Friday, June 12, 2009

Purpling the pavement

short blue hair

When I first visited here, the jacoranda trees were in full bloom, and now a little over a year later the blossoms are fading, the trees turning over to green as the fleshy flowers purple the pavement. When I don't wear my glasses, it looks like a low lying violet fog beyond the fence, thick with the fecund smell.

tents

The visions people have when their mind is turned off, the blood flow stopped and their body liminal between life and lack of it, are repeated by the ones who saw what they wanted to see. A divine and loving power urging them to return to the earth, their goodness and rightness reiterated.

In the early mornings, I hear someone knocking on the door and pressing the bell repeatedly. I stumble out of bed, wrap myself in an old quilt, negotiate the complexity of drawings and fabric to be cut laid across the parlor floor and dazedly answer the door.

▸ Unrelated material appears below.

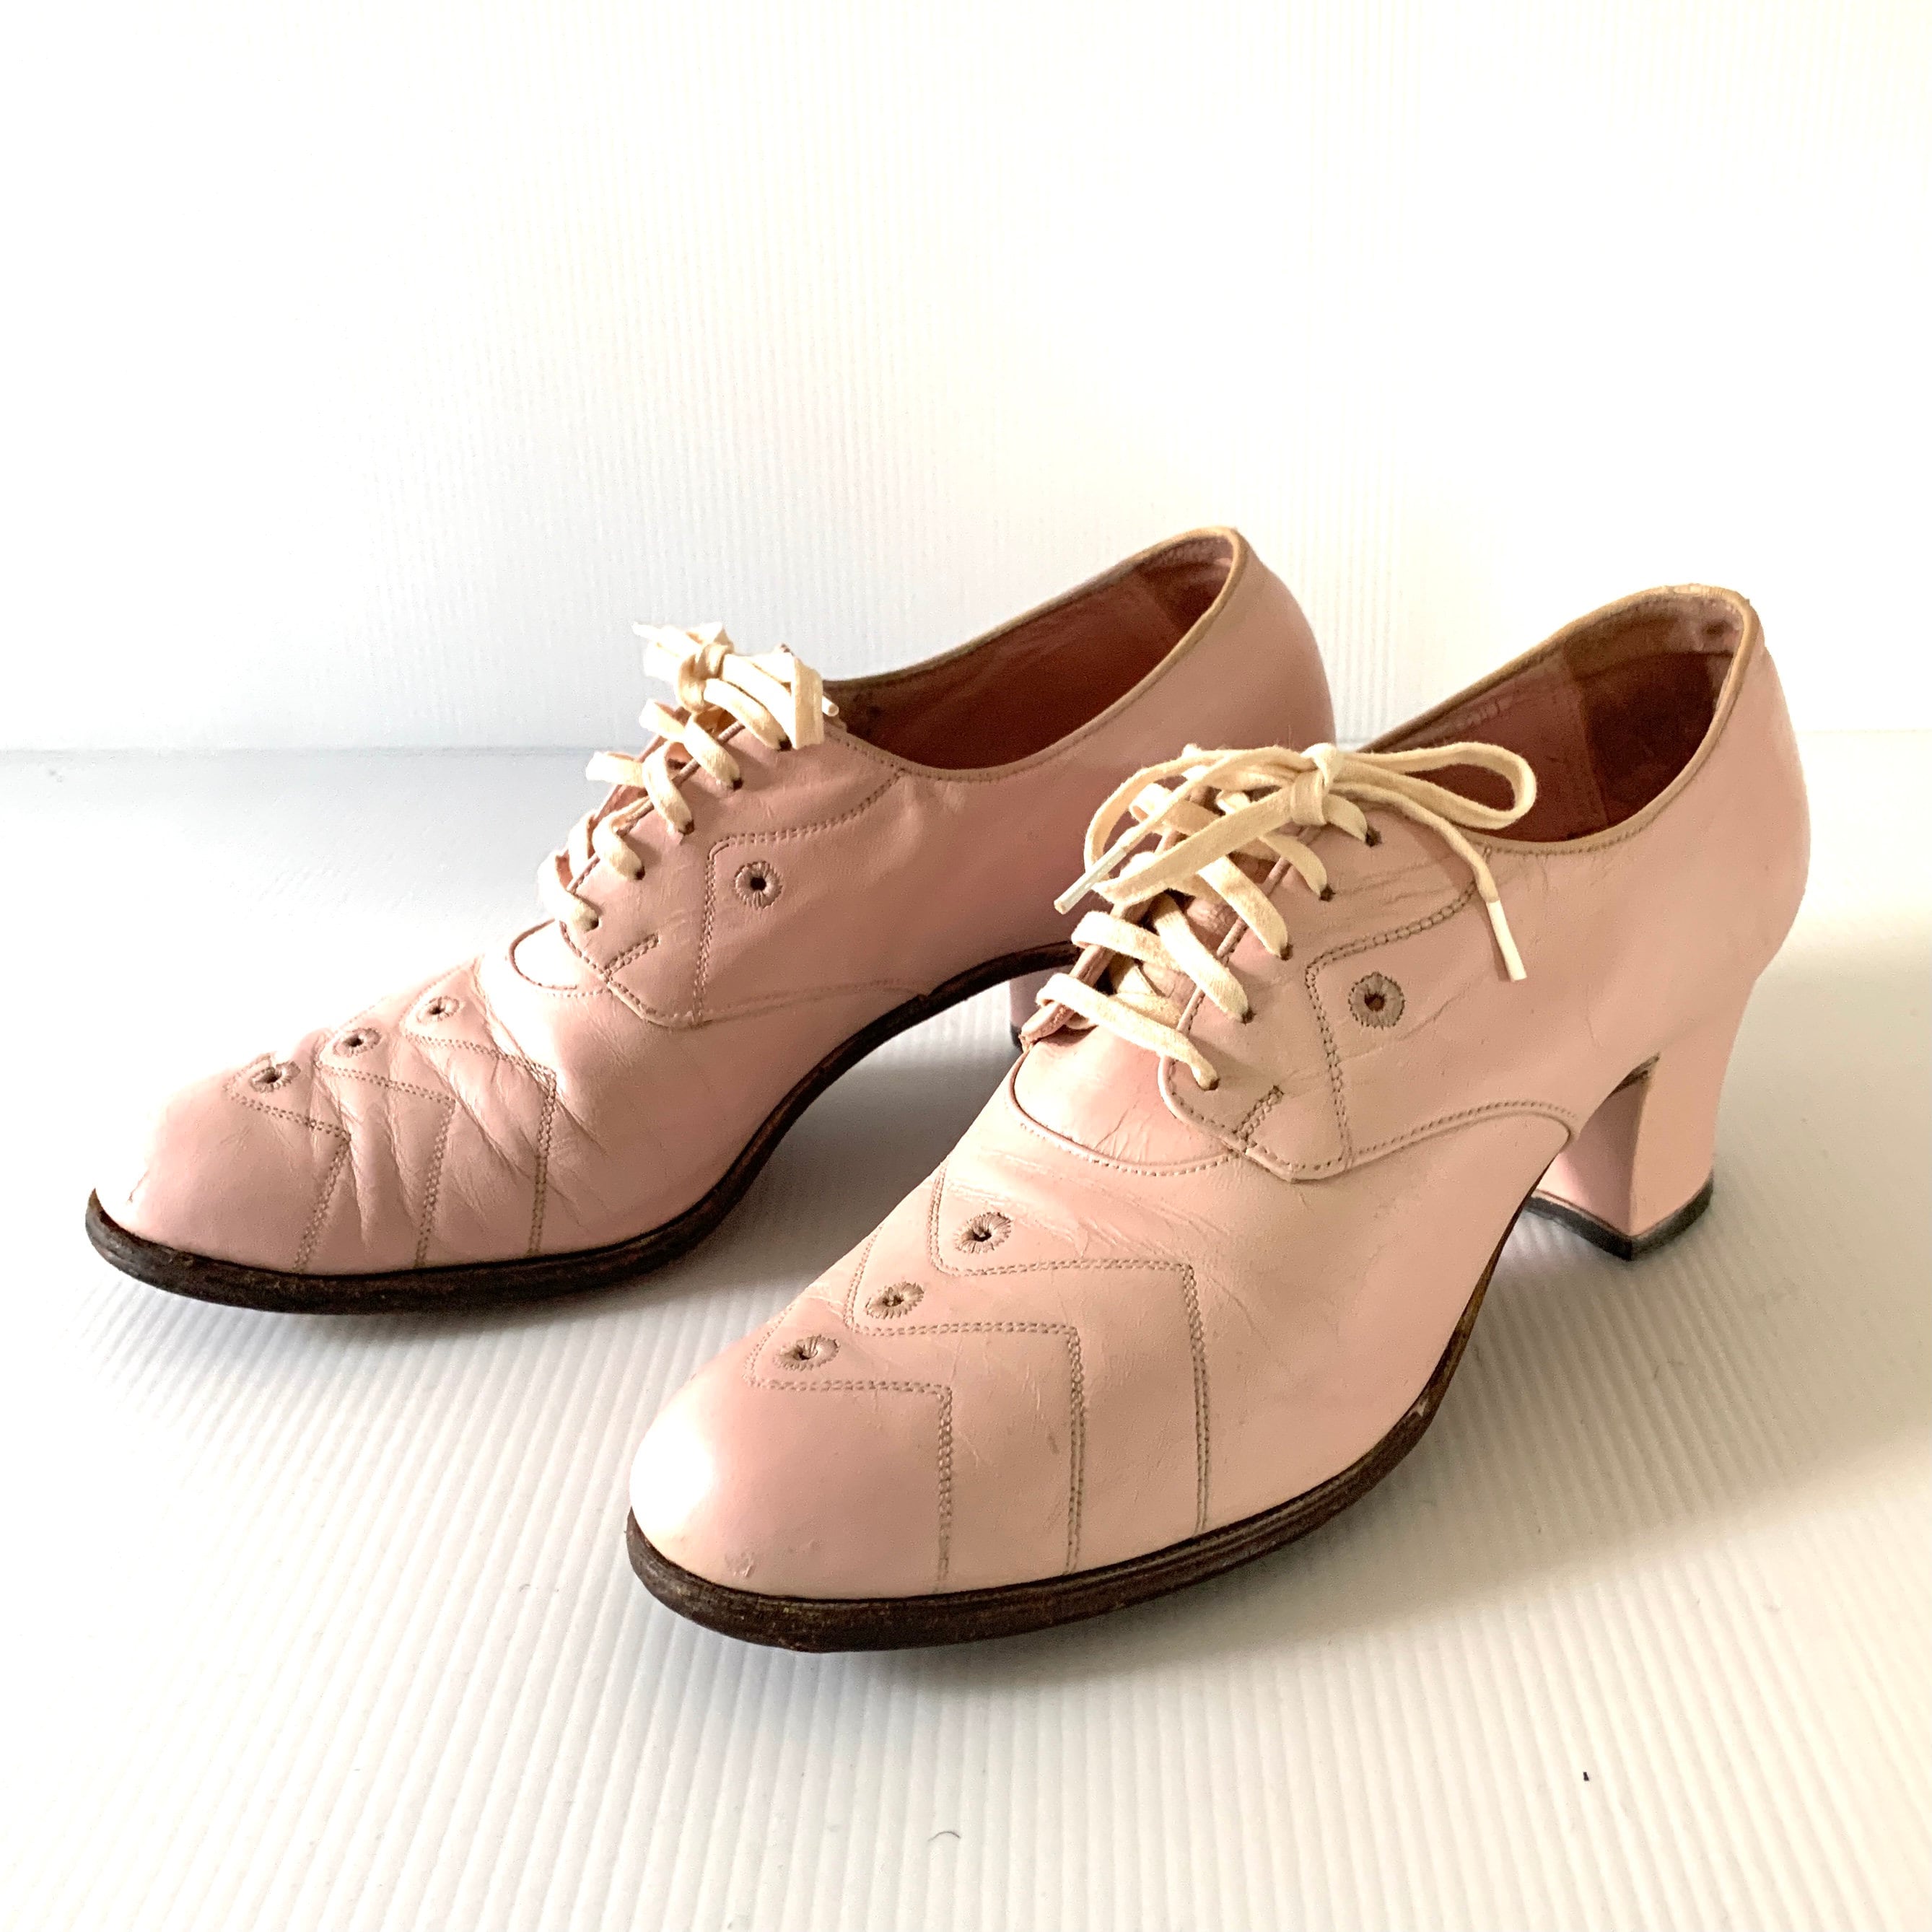 Zapatos de salón Slingback Complements Elegance rosa lápiz labial metálico cuero vintage 41

There are other stories which haven't born the repetition of inspirational talk shows and New Age-y large print books. Some poeple have been slipped jelly like to a different place, lost beyond thier bodies in a place with no light. Something else is there with them, something that isn't lost and is looking for them. Being a cynic, I don't view the phenomenon as much besides an inexplicable. The thing in the dark, searching out the quivering ego, could be nothing more than the instinctual remnants of an animal whose ancestors for millenia were susceptible to nocturnal hunters. In the unplumbable depths of the brain sits the patient idea of the hungry night dweller, still waiting for a slip up, for the unwary to forget.

window

At the door the cold seamisted air wakes me up. No one is there. Each time I have the half dream the urgency increases. The knocking gets louder.